The application of lactoferrin and lactoferrin fragments and hydrolysates is described in the published International Patent Application No. WO 03/082921 and WO 2007/043900, the disclosure of which is incorporated herein by reference.

The published international patent application WO 2008/147228 describes fatty acids, fatty acid derivatives and milk fat compositions comprising high CLA milk fat and milk fat fractions which are capable of treating or preventing skeletal conditions which will benefit from reduced bone resorption and are cited The way is incorporated in this article.

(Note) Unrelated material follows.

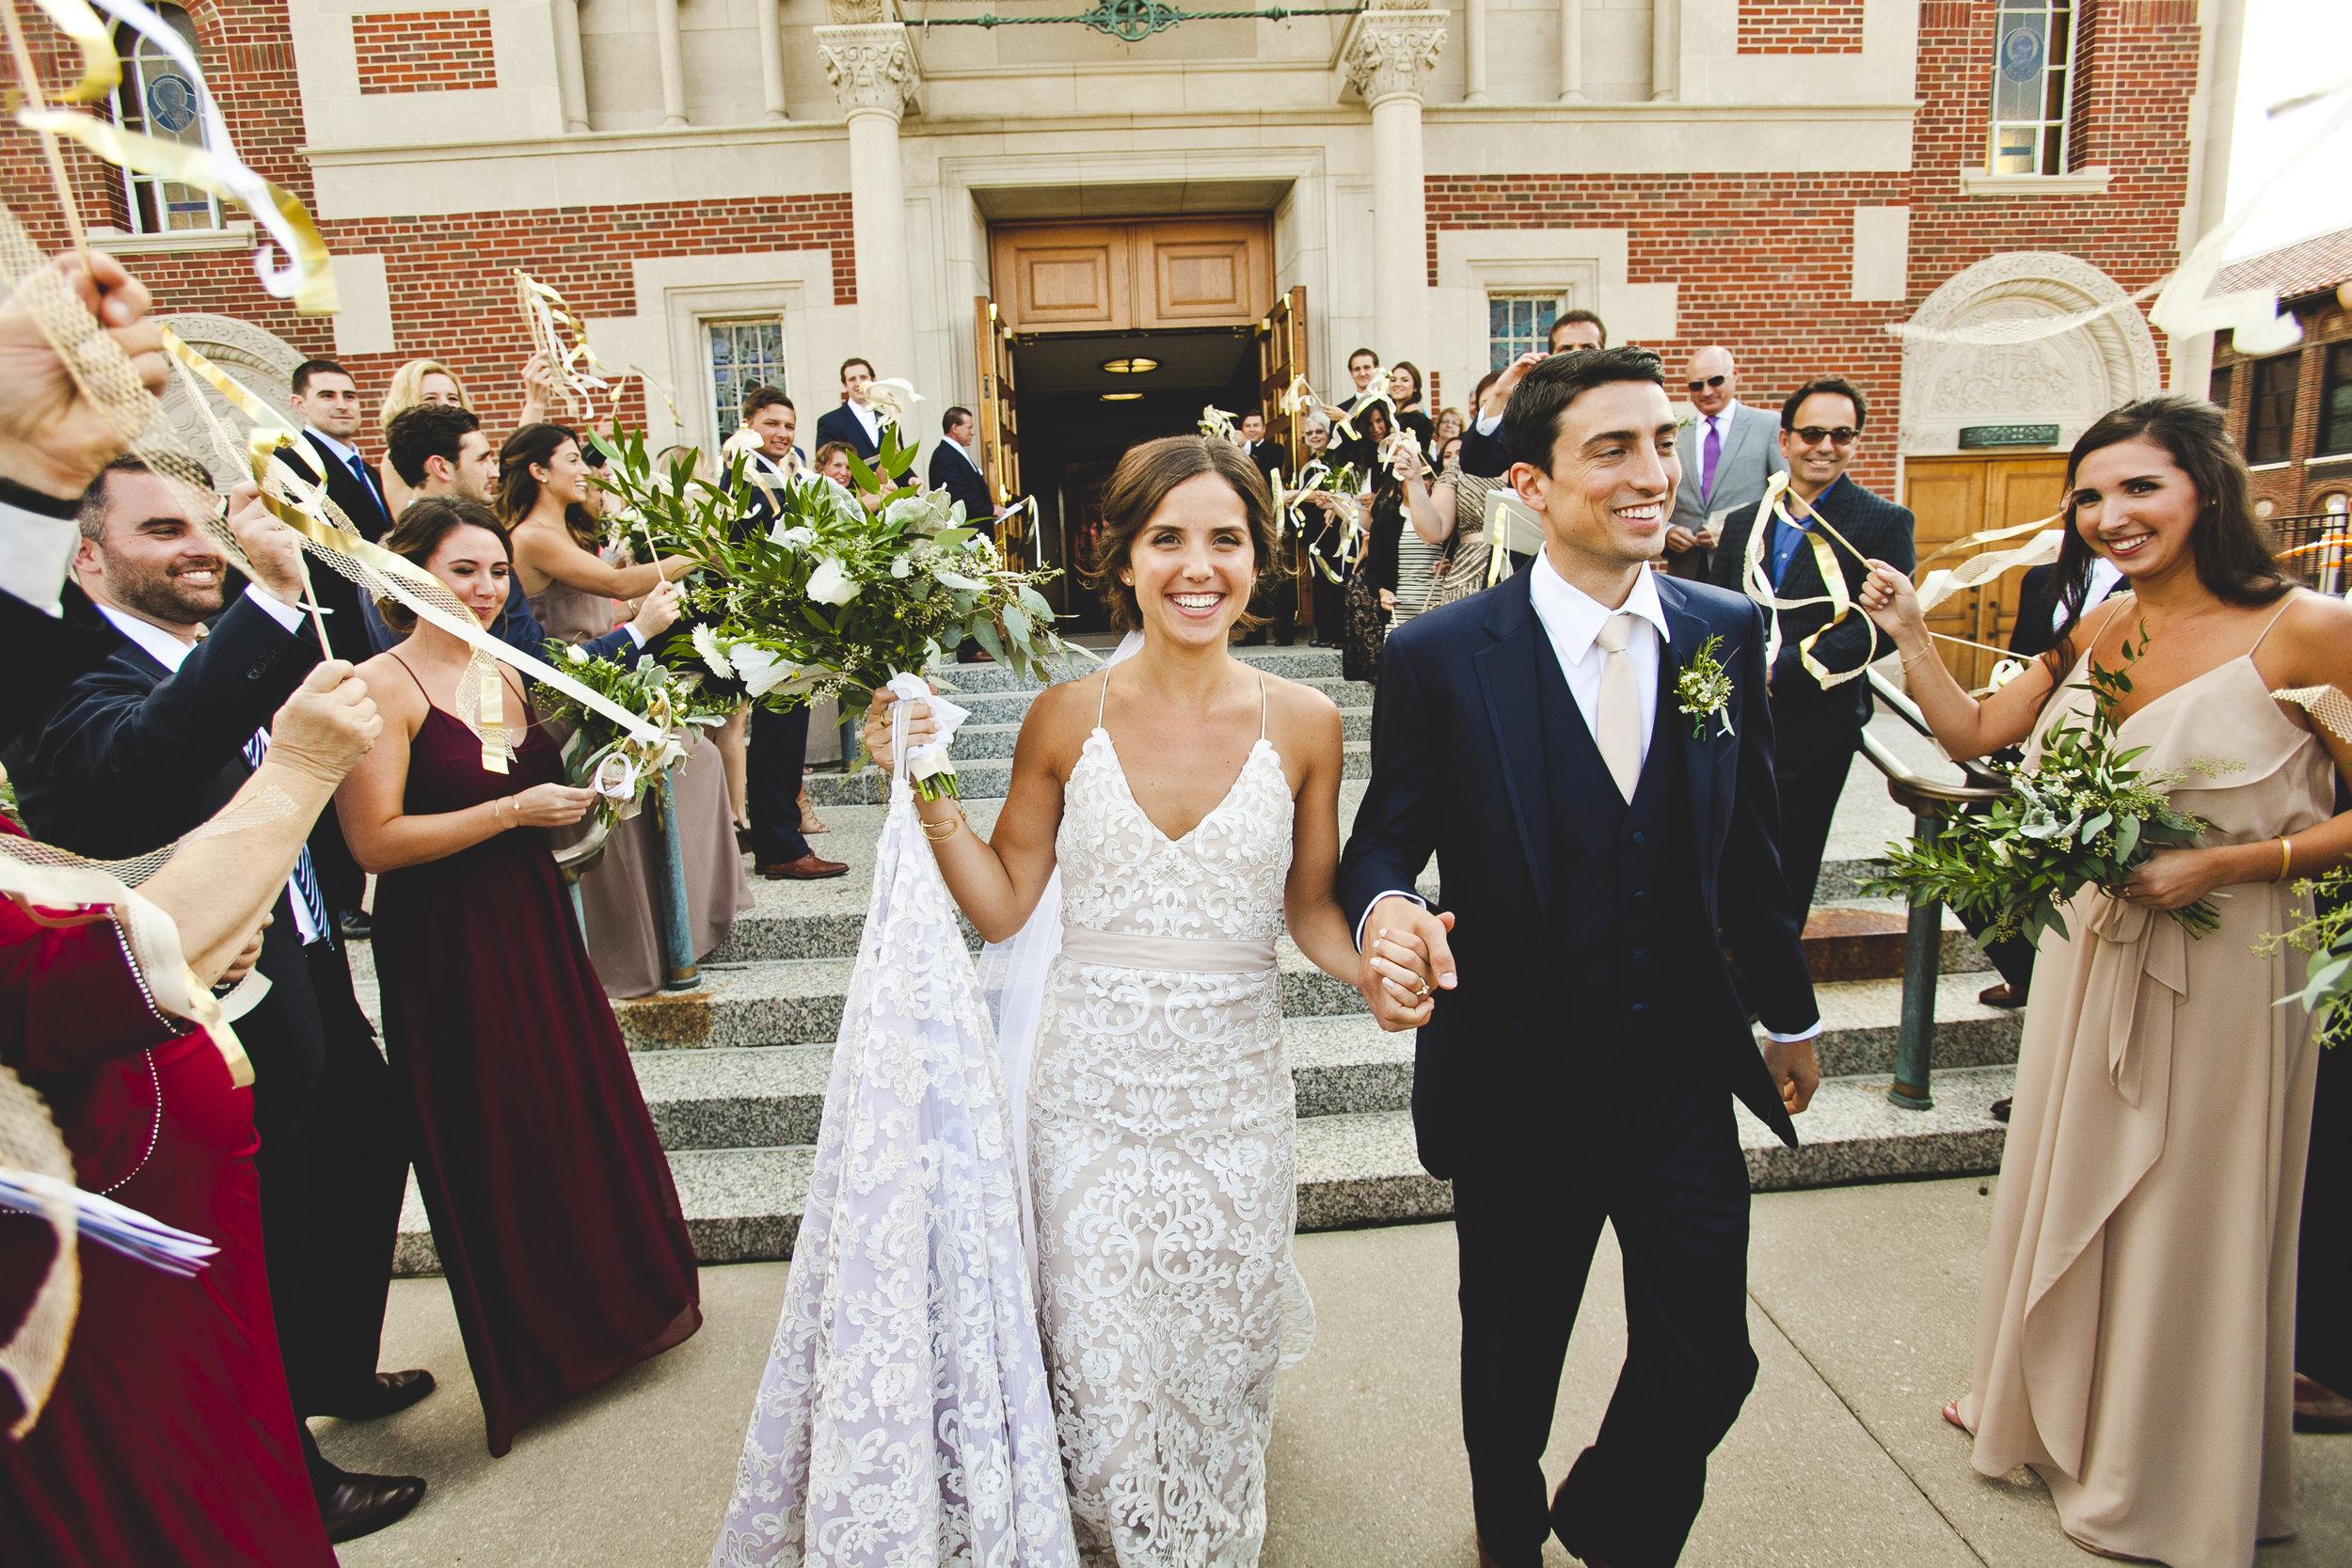 AndreaCharlie Wedding_0496.JPG

Additionally, it is contemplated that the compositions according to the present invention may be formulated with additional active ingredients which may be beneficial to the subject in certain circumstances. For example, therapeutic agents that target the same or different aspects of the disease process can be used.

The following examples are now described in a non-limiting manner to illustrate various aspects of the invention.

Instance Cell culture, assay substance

All cell culture materials were purchased from Invitrogen. MC3T3-E1 pre-osteoblasts were obtained from ATCC, Manassas, VA, USA. Rosehip extract was purchased from Paninkret, Germany.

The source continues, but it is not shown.